> [What is expected] Where does the word "Nike" show up in the data? Please find each such line and copy it.
-- Opening Marker --
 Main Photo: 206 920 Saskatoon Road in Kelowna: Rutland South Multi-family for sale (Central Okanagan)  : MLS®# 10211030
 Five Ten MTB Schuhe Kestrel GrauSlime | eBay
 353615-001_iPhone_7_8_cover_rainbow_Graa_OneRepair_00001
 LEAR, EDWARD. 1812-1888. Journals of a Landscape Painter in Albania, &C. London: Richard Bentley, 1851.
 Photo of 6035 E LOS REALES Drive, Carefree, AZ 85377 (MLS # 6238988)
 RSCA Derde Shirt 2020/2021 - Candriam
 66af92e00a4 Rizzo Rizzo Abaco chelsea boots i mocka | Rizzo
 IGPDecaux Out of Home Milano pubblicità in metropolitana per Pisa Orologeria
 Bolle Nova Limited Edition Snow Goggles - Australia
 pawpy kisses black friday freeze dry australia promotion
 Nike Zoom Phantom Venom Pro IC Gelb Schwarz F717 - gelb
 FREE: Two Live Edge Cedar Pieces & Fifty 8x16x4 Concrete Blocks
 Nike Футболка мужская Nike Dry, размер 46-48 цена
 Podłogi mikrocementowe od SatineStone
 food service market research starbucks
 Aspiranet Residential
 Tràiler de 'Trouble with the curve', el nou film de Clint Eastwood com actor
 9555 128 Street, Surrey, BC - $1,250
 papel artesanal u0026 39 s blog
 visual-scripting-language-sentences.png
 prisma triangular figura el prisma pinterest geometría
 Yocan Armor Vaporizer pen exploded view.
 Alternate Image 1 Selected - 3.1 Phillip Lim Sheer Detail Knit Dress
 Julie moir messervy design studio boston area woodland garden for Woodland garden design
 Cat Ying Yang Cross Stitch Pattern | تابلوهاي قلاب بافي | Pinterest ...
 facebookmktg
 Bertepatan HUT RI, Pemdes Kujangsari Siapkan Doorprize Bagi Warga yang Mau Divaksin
-- Closing Marker --
> [Exercise result]
 Nike Zoom Phantom Venom Pro IC Gelb Schwarz F717 - gelb
 Nike Футболка мужская Nike Dry, размер 46-48 цена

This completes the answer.